▶ _Stored items from a collection_:

○ ○ ○

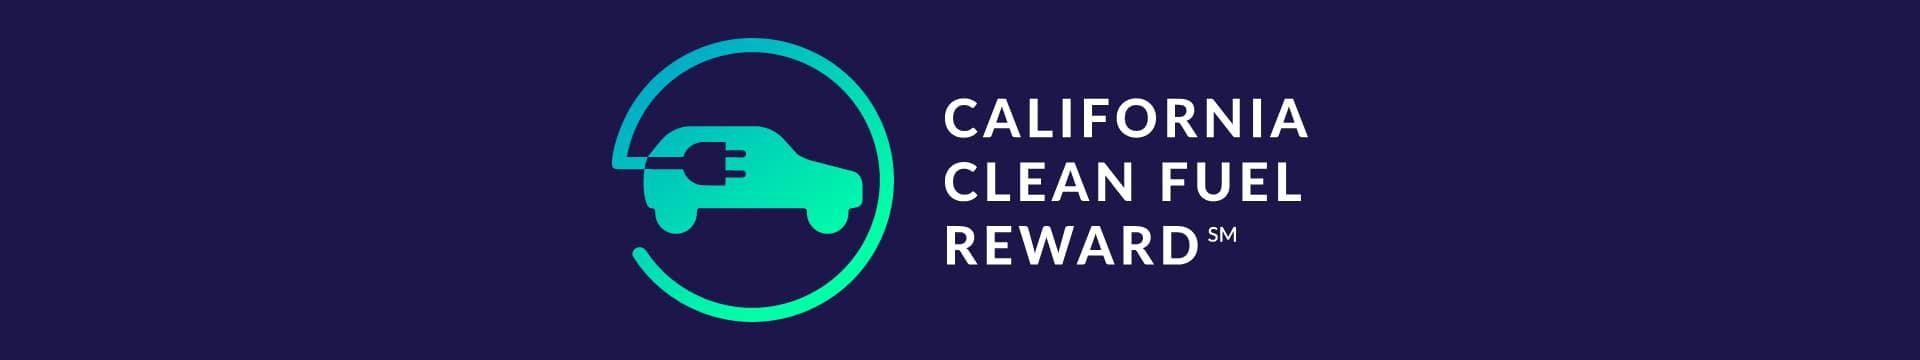 California Clean Fuel Reward Program at Timmons Volkswagen
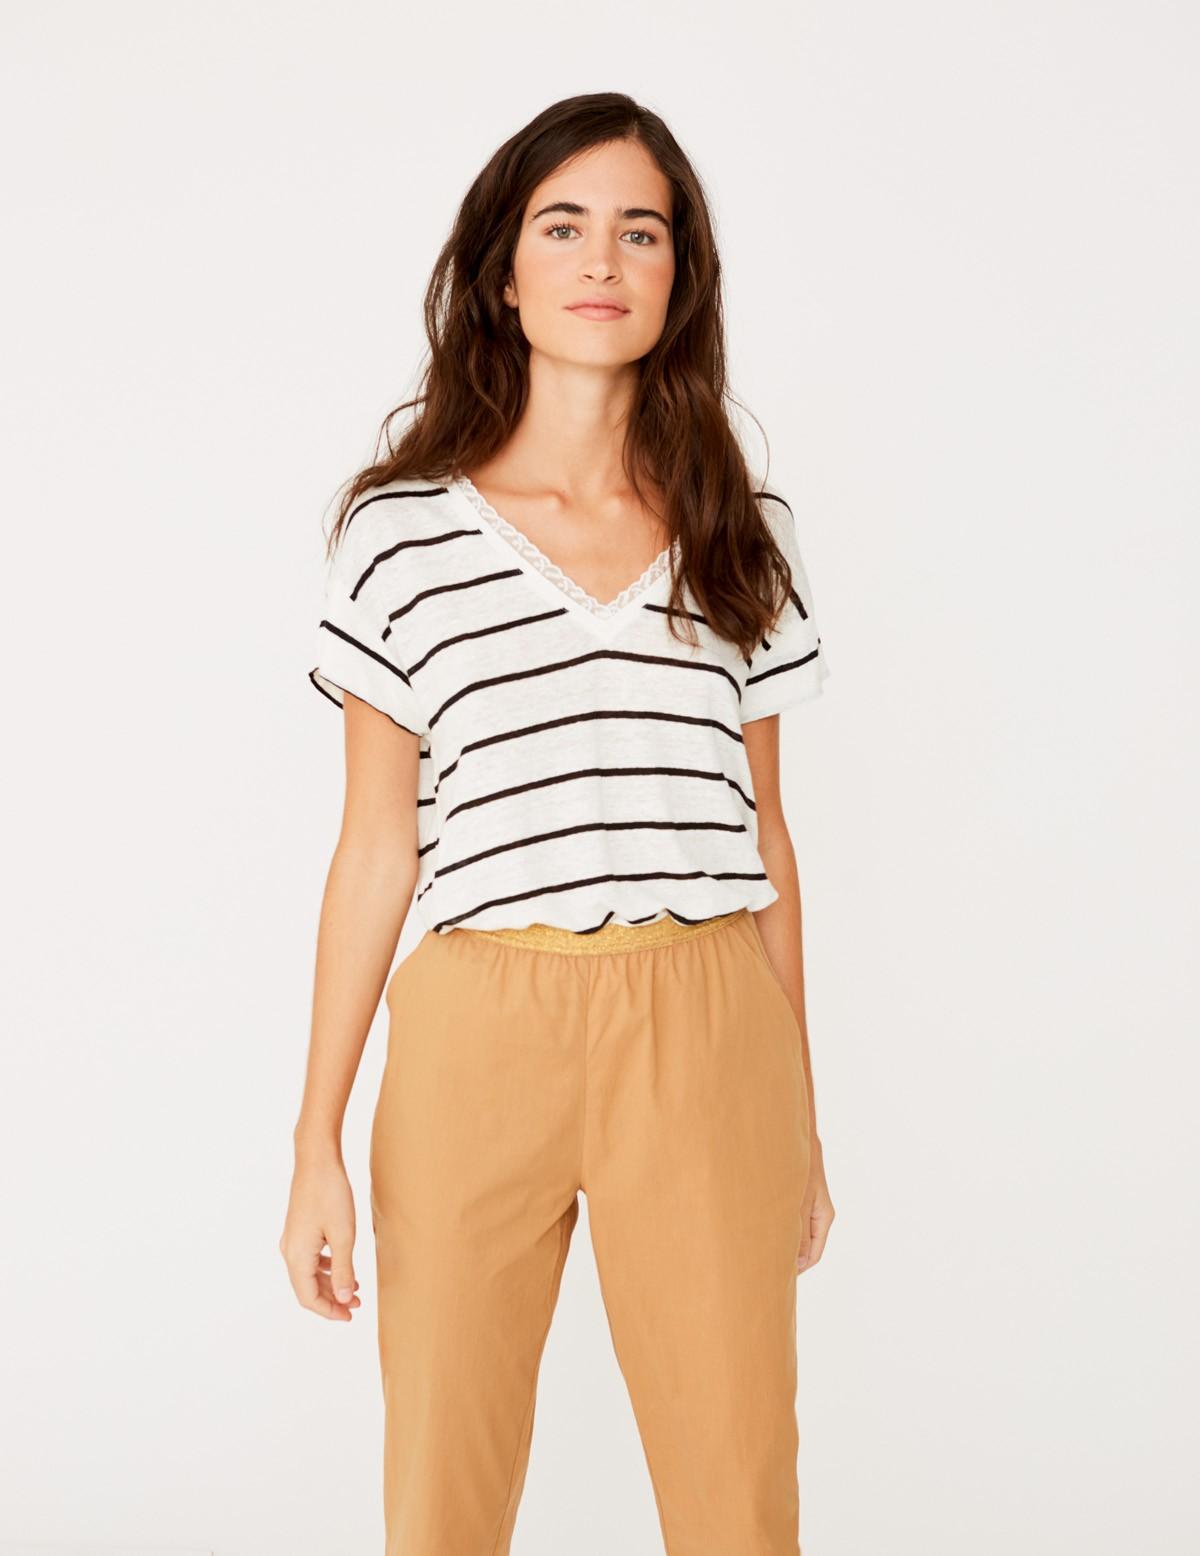 Camiseta de lino rayas
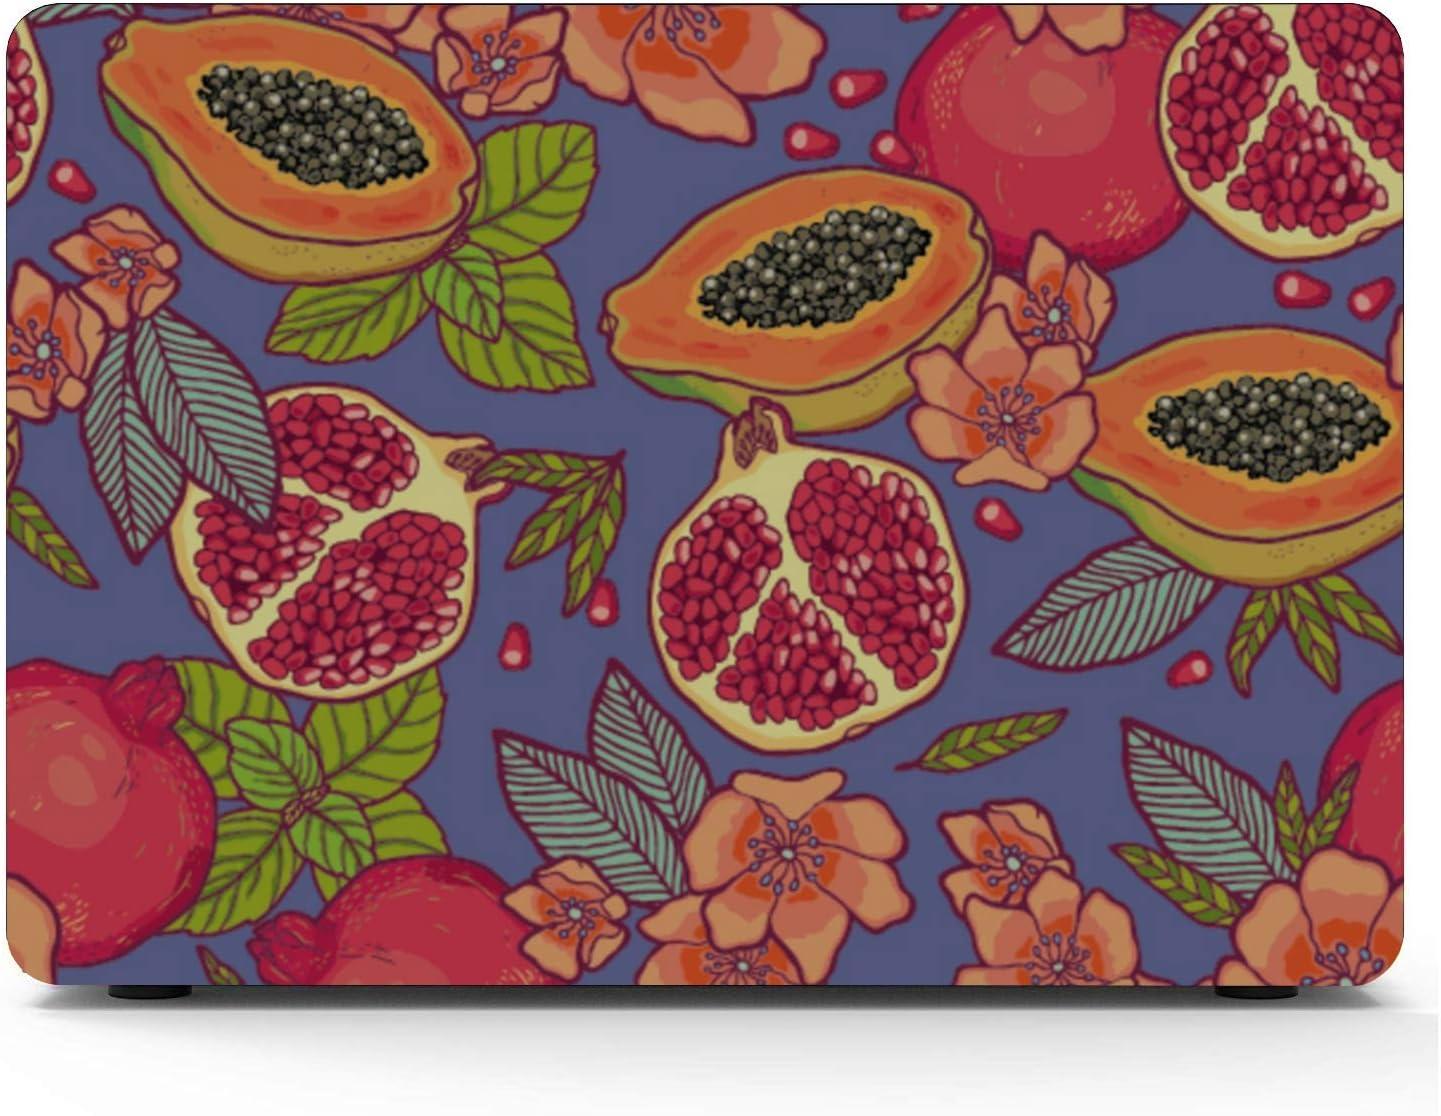 MacBook Pro Covers Summer Tropical Cute Papaya Fruit Plastic Hard Shell Compatible Mac Air 11 Pro 13 15 MacBook Pro Hard Cover Protection for MacBook 2016-2019 Version
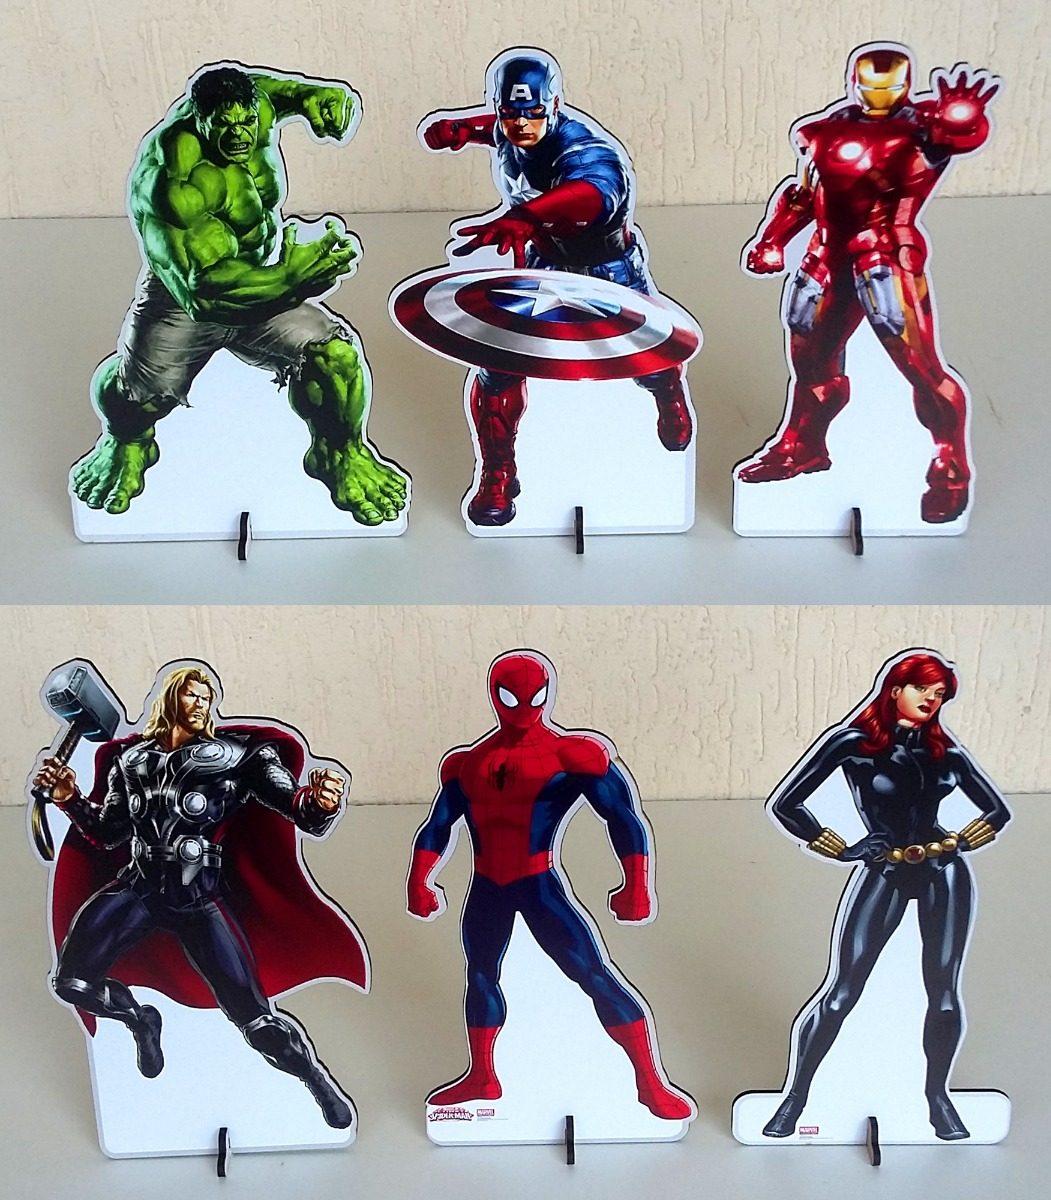 f1f00d1f0 kit 12 vingadores mesa hulk, cap américa, homem de ferro mdf. Carregando  zoom.
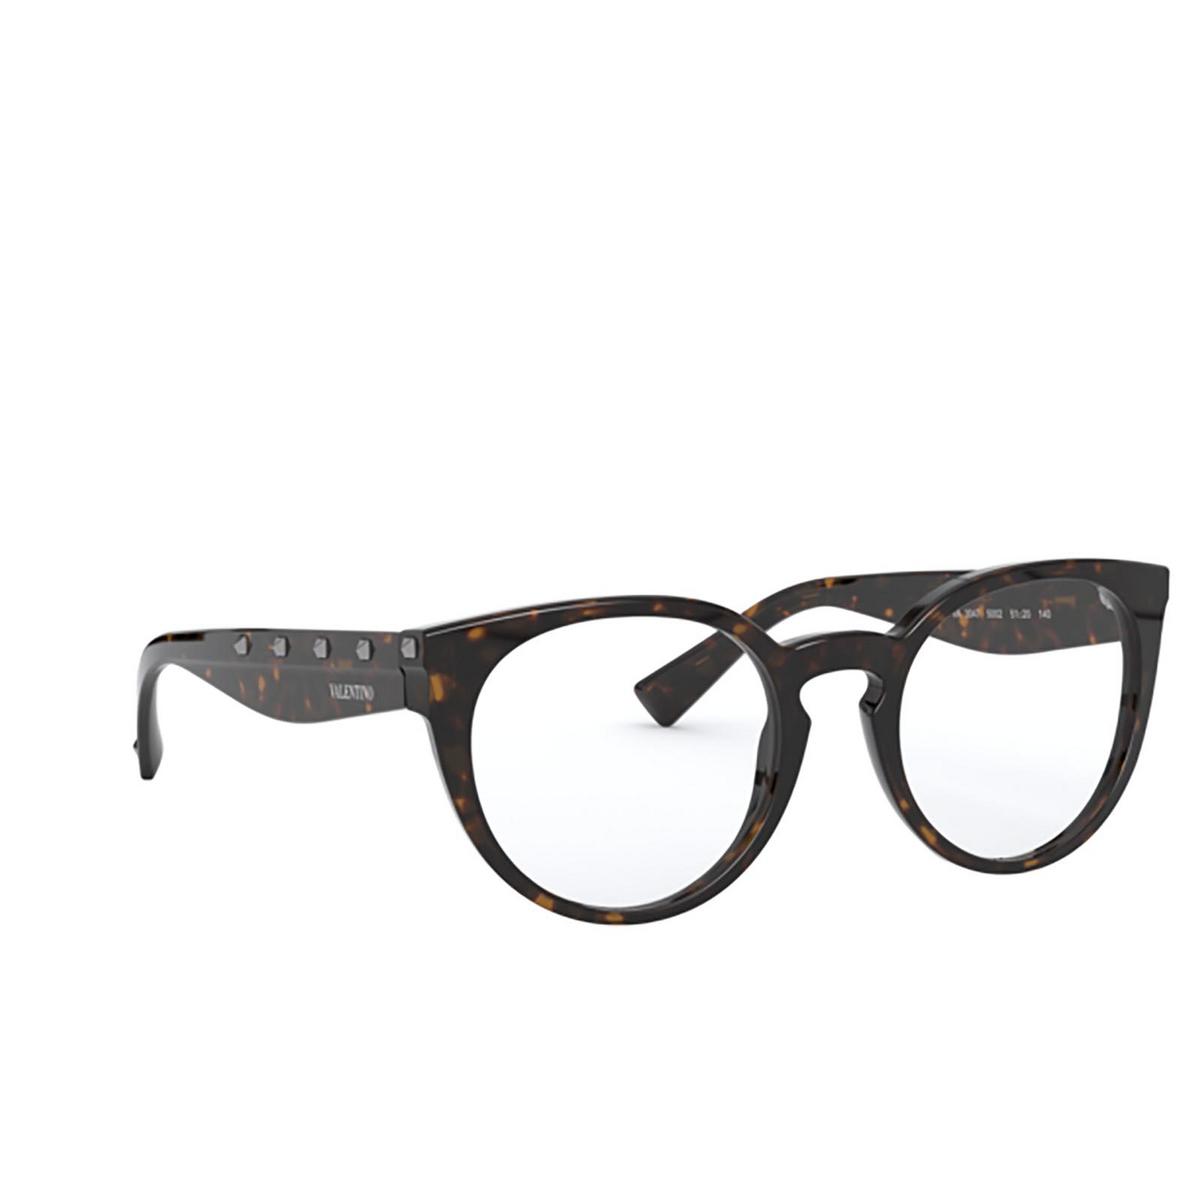 Valentino® Round Eyeglasses: VA3047 color Havana 5002 - three-quarters view.

○ ○ ○

▶ _WHAT THE EXERCISE ASKS_:
Print every line above exactly. Leave the pictures out.

▶ _SOLUTION_:
 California Clean Fuel Reward Program at Timmons Volkswagen
 Camiseta de lino rayas
 MacBook Pro Covers Summer Tropical Cute Papaya Fruit Plastic Hard Shell Compatible Mac Air 11 Pro 13 15 MacBook Pro Hard Cover Protection for MacBook 2016-2019 Version
 f1f00d1f0 kit 12 vingadores mesa hulk, cap américa, homem de ferro mdf. Carregando  zoom.
 Valentino® Round Eyeglasses: VA3047 color Havana 5002 - three-quarters view.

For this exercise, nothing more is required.